## Problem description
Please transcribe the data that follows exactly as given, leaving out every picture.

## Exercise data
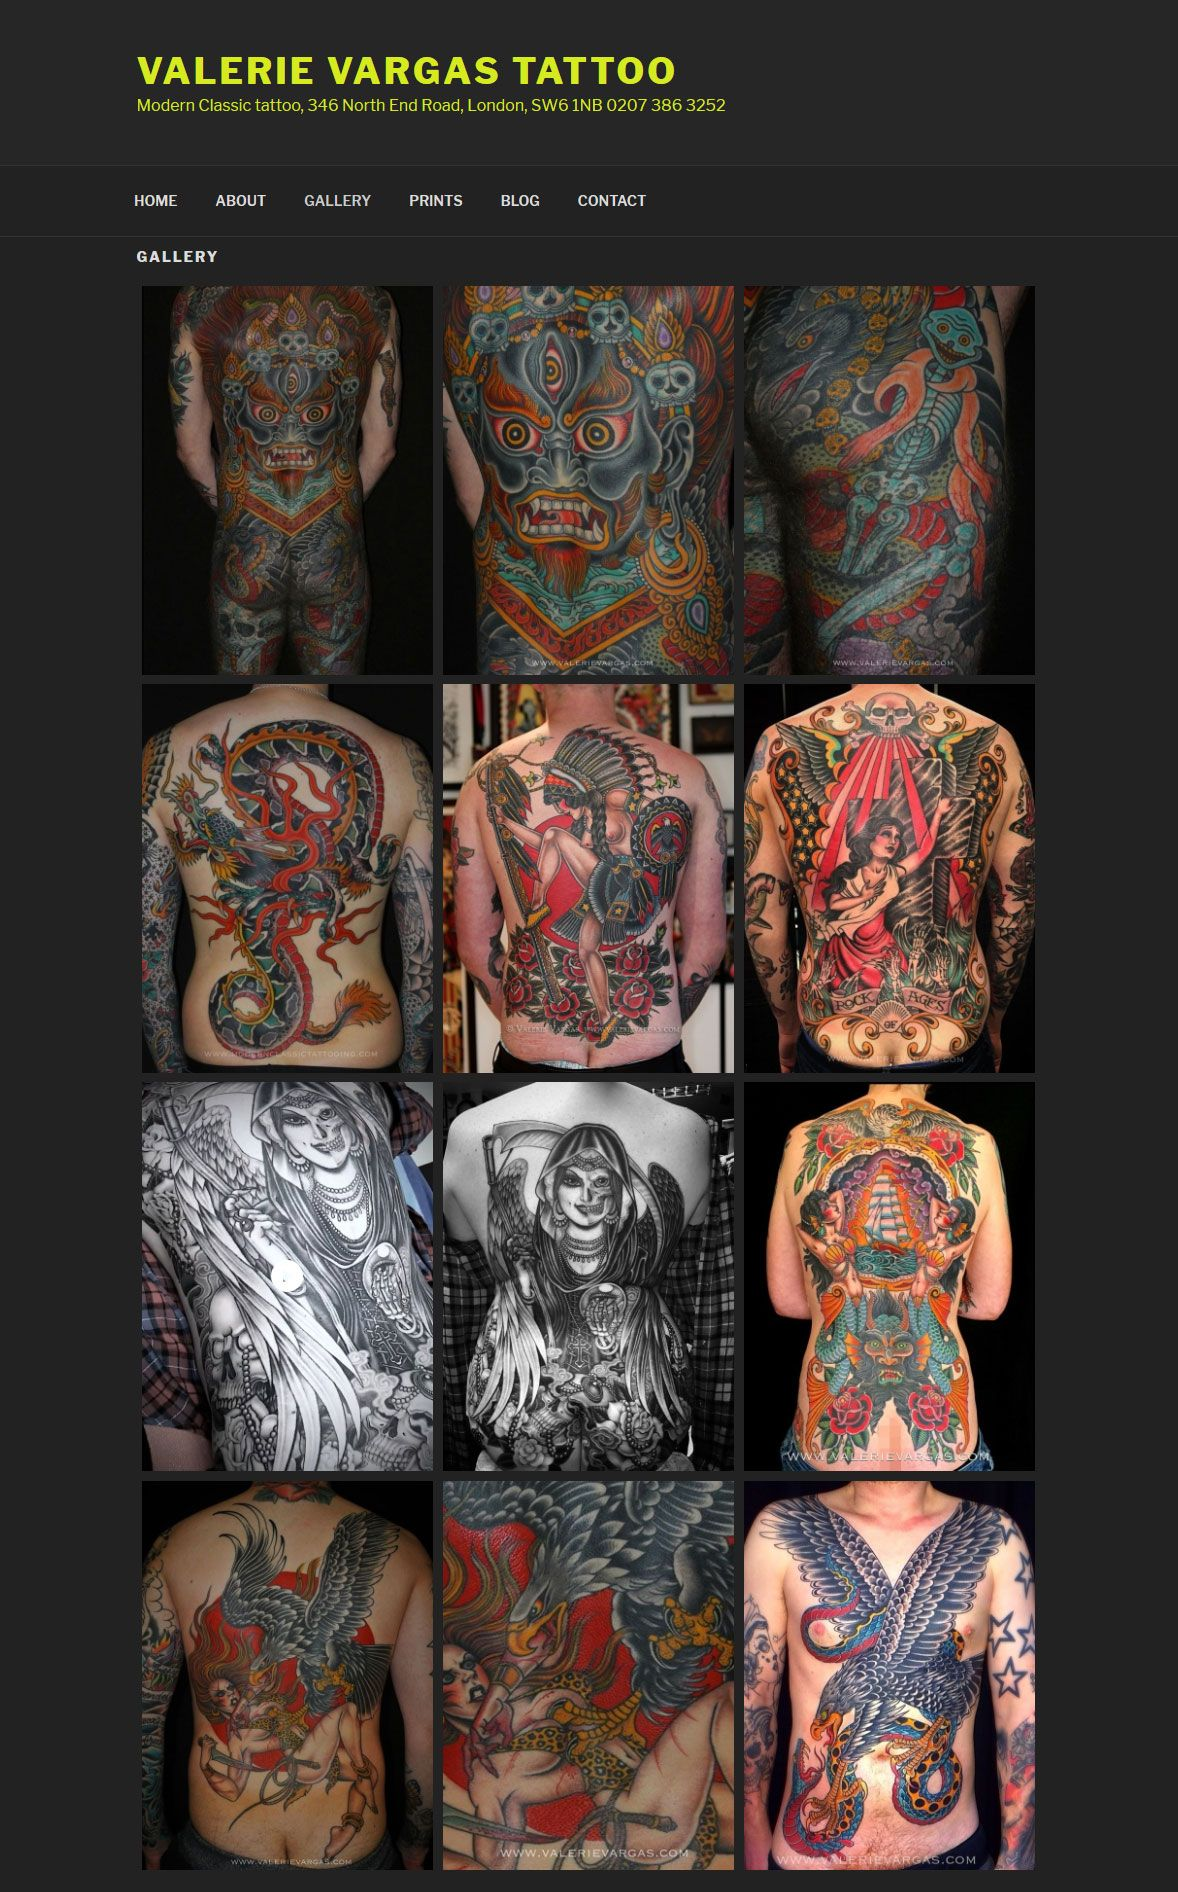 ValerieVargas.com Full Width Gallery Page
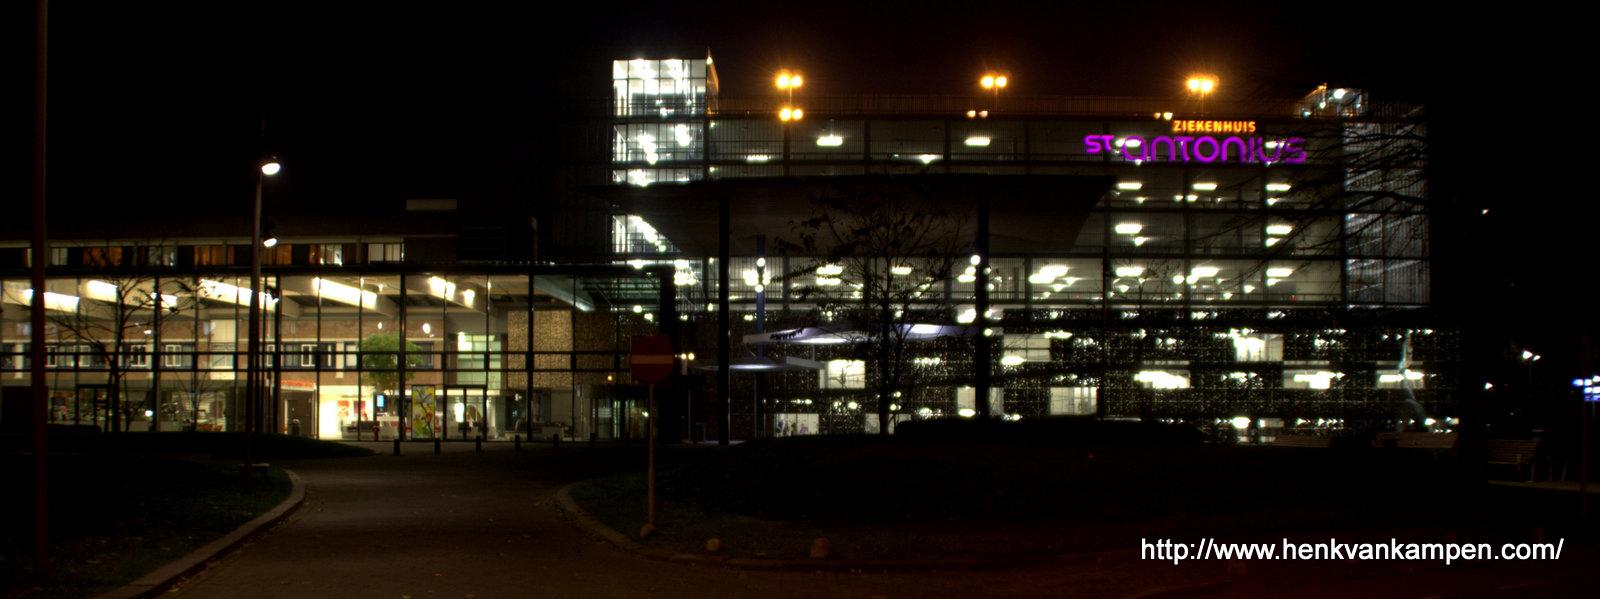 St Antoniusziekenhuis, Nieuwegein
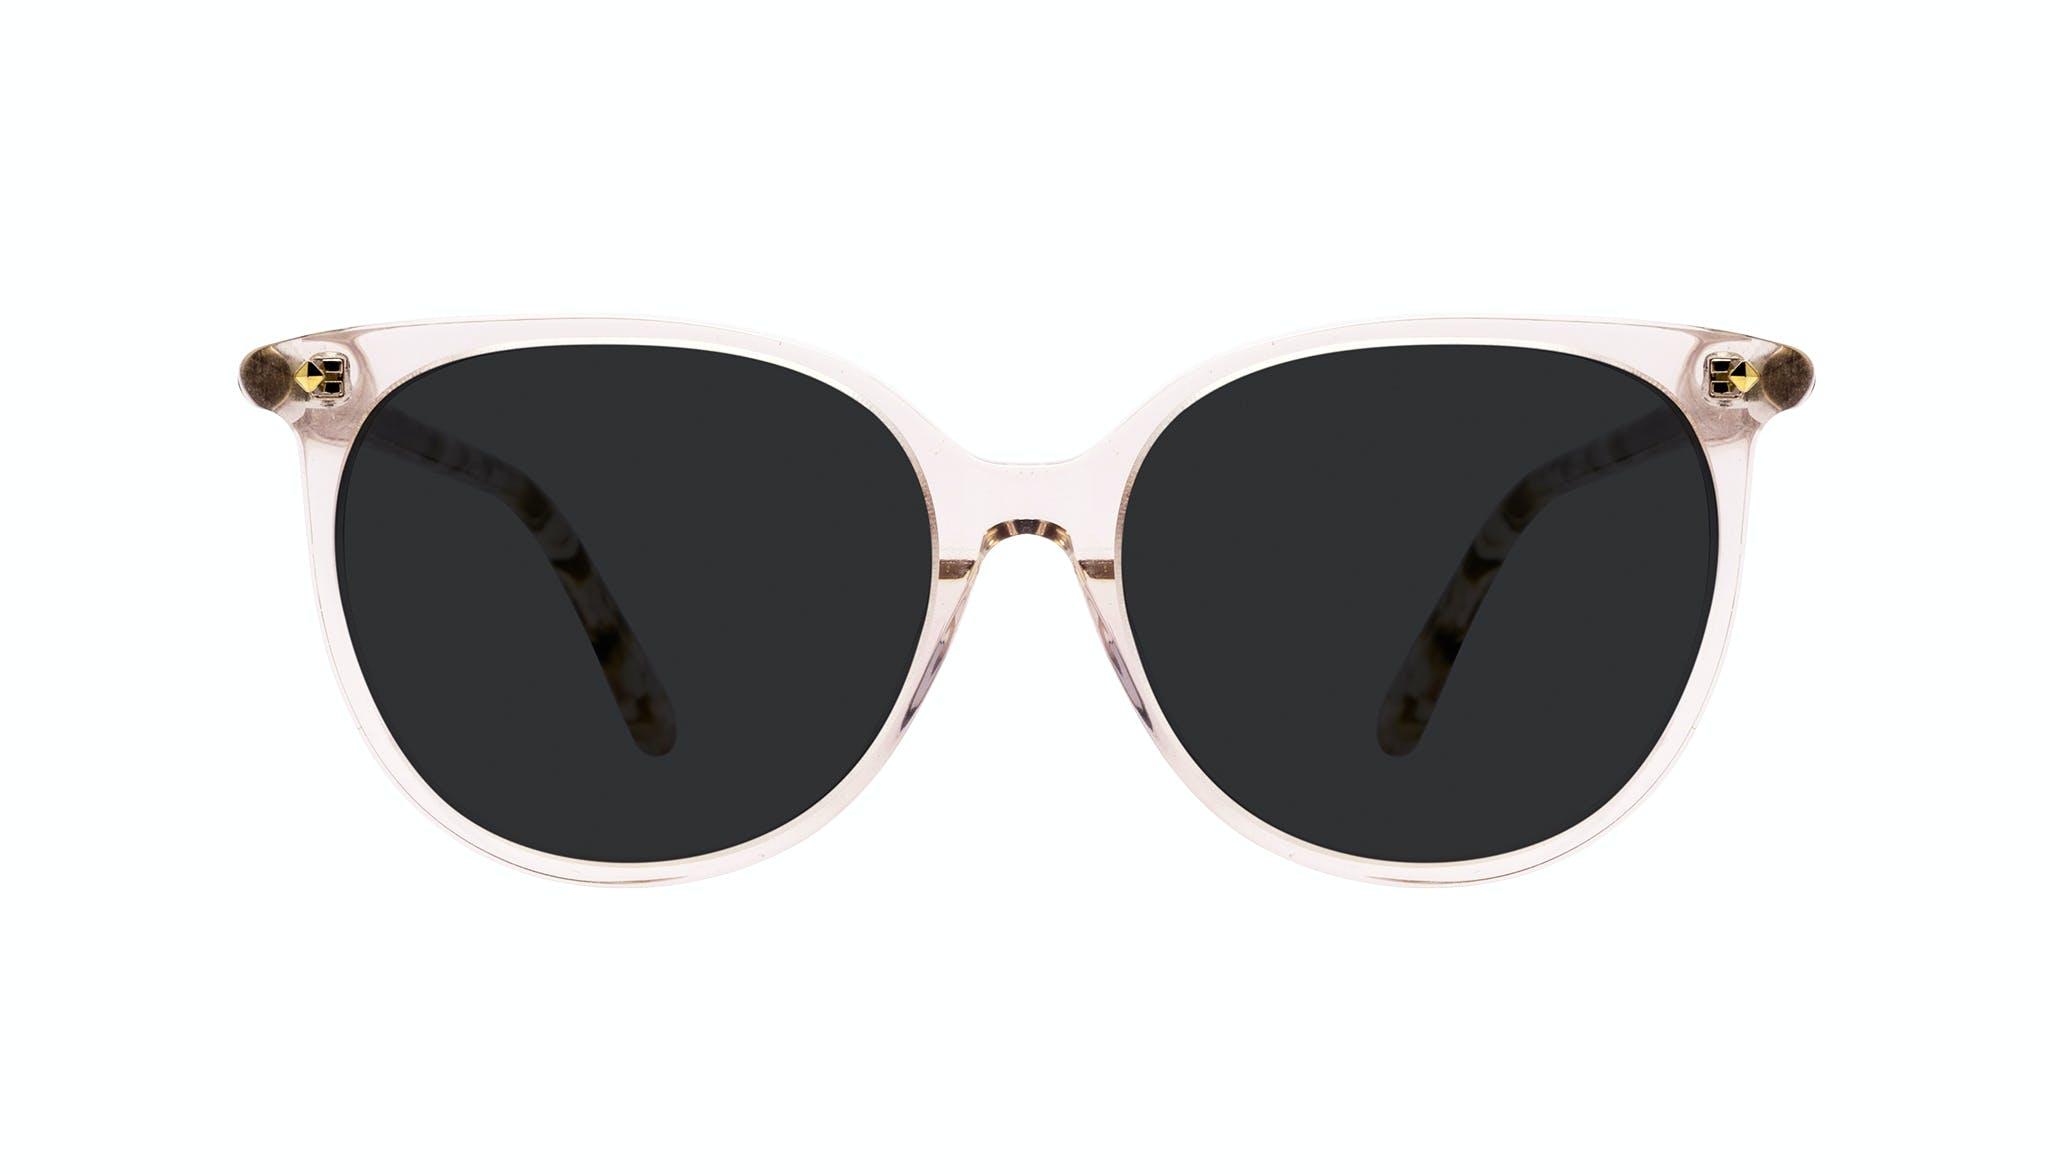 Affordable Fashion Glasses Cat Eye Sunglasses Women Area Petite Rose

## Response area
 ValerieVargas.com Full Width Gallery Page
 St Antoniusziekenhuis, Nieuwegein
 Affordable Fashion Glasses Cat Eye Sunglasses Women Area Petite Rose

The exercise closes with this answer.